Why the Children Are Coming?

So what’s the real crisis and can it be solved?

Let’s start with what’s truly at stake here. First, US policies directly led to today’s crises in Guatemala, El Salvador and Honduras. Since Washington orchestrated the overthrow of the reformist, democratically elected government of Jacobo Arbenz in Guatemala in 1954, it has consistently cultivated repressive military regimes, savagely repressed peasant and popular movements for social change, and imposed economic policies including so-called free-trade ones that favor foreign investors and have proven devastating to the rural and urban poor.

Refugees from US-sponsored dirty wars in Guatemala and El Salvador—mostly peasants whose communities had been subjected to scorched-earth policies and the depredations of right-wing death squads—began to pour into the United States in the 1980s. The refugee flood from Honduras didn’t begin until the United States supported a military coup against that country’s elected leftist president in 2009. The youths crossing the border today are often the children and grandchildren of those initial refugees, and are fleeing the endemic violence and economic destruction left behind by the wars and the devastation that resulted from them. In other words, the policies that led to the present “crisis” were promoted over the decades with similar degrees of enthusiasm by Republicans and Democrats.

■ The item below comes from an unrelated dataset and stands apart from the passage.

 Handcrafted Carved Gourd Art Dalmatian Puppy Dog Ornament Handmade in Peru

Second, an enormous demand for undocumented labor had already drawn the parents of many of these children to the United States where they clean houses and yards, wash dishes, and grow and process food. Their underpaid labor helps sustain the US economy. For generations, this country’s immigration policy has focused on using Mexicans and Central Americans as “workers” without granting them legal and human rights. But workers are people and people have children. In other words, the present crisis stems in part from the way our economy depends on separating parents from their children in order to exploit their cheap labor—and then our horror or dismay when they want to be reunited.

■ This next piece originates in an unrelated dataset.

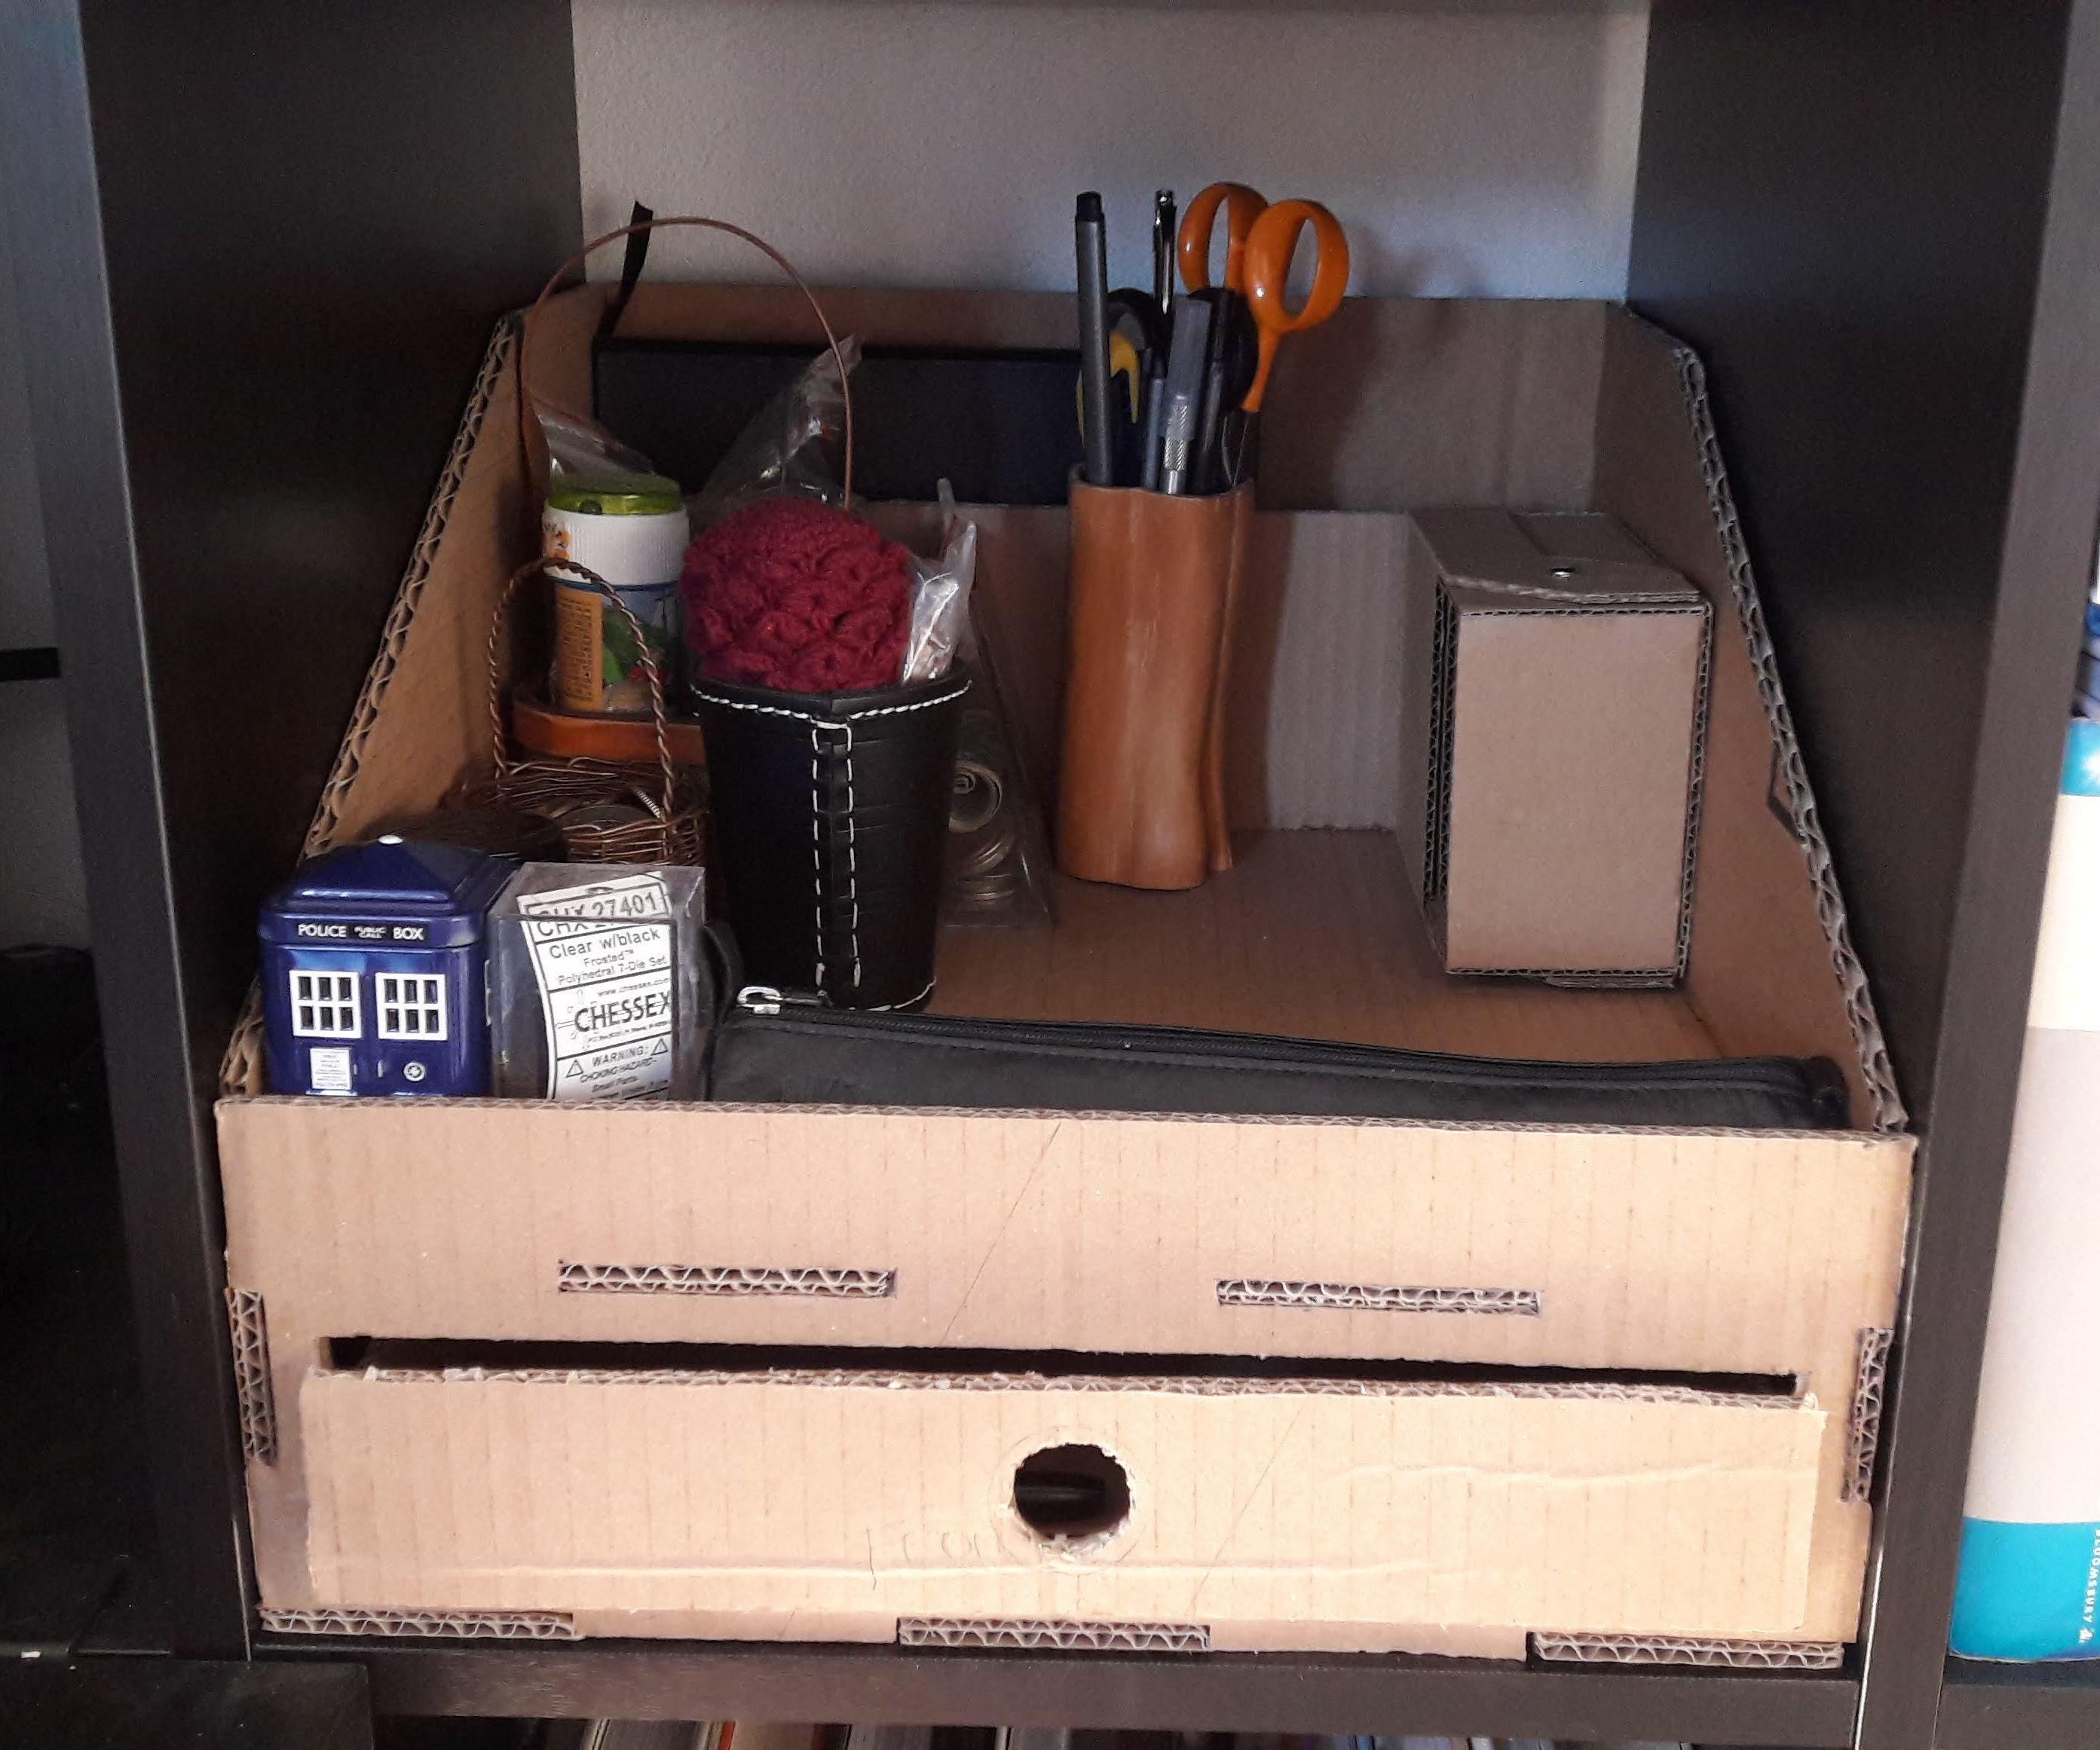 Cardboard Desktop Organizer for IKEA Kallax : 31 Steps - Instructables

Finally, the communities and school systems that the federal government expects to receive the border-crossing youth need more federal support. Many of the locales receiving immigrants are indeed in crisis. If, thanks to federal legislation and federal agencies, these children are being released in large numbers to communities in which schools are already underfunded, then the federal government should guarantee the services that it requires communities to provide them. Instead of spending billions of dollars annually underwriting detention, deportation and the further militarization of the borderlands, it should direct those funds to fulfilling human needs.

Immigrant rights organizations should be criticizing both parties for their policies in Central America (including President Obama’s free trade agenda), their economic and immigration policies (that criminalize workers) and the ways they are pitting immigrant youth against poor Americans in a struggle for scarce resources.

Of course, that’s not how the story is being told. Instead, our politicians, the media and various organizations have simply been posturing. Arguments that take the “humanitarian” position and those that use the “crisis” to try to undermine the administration’s flimsy gestures towards relief for undocumented youth, as well as those that protest the potential impact on communities like Lynn, are sadly incomplete. We are in the midst of a series of crises that are perfectly real. They just aren’t the ones that either side is talking about.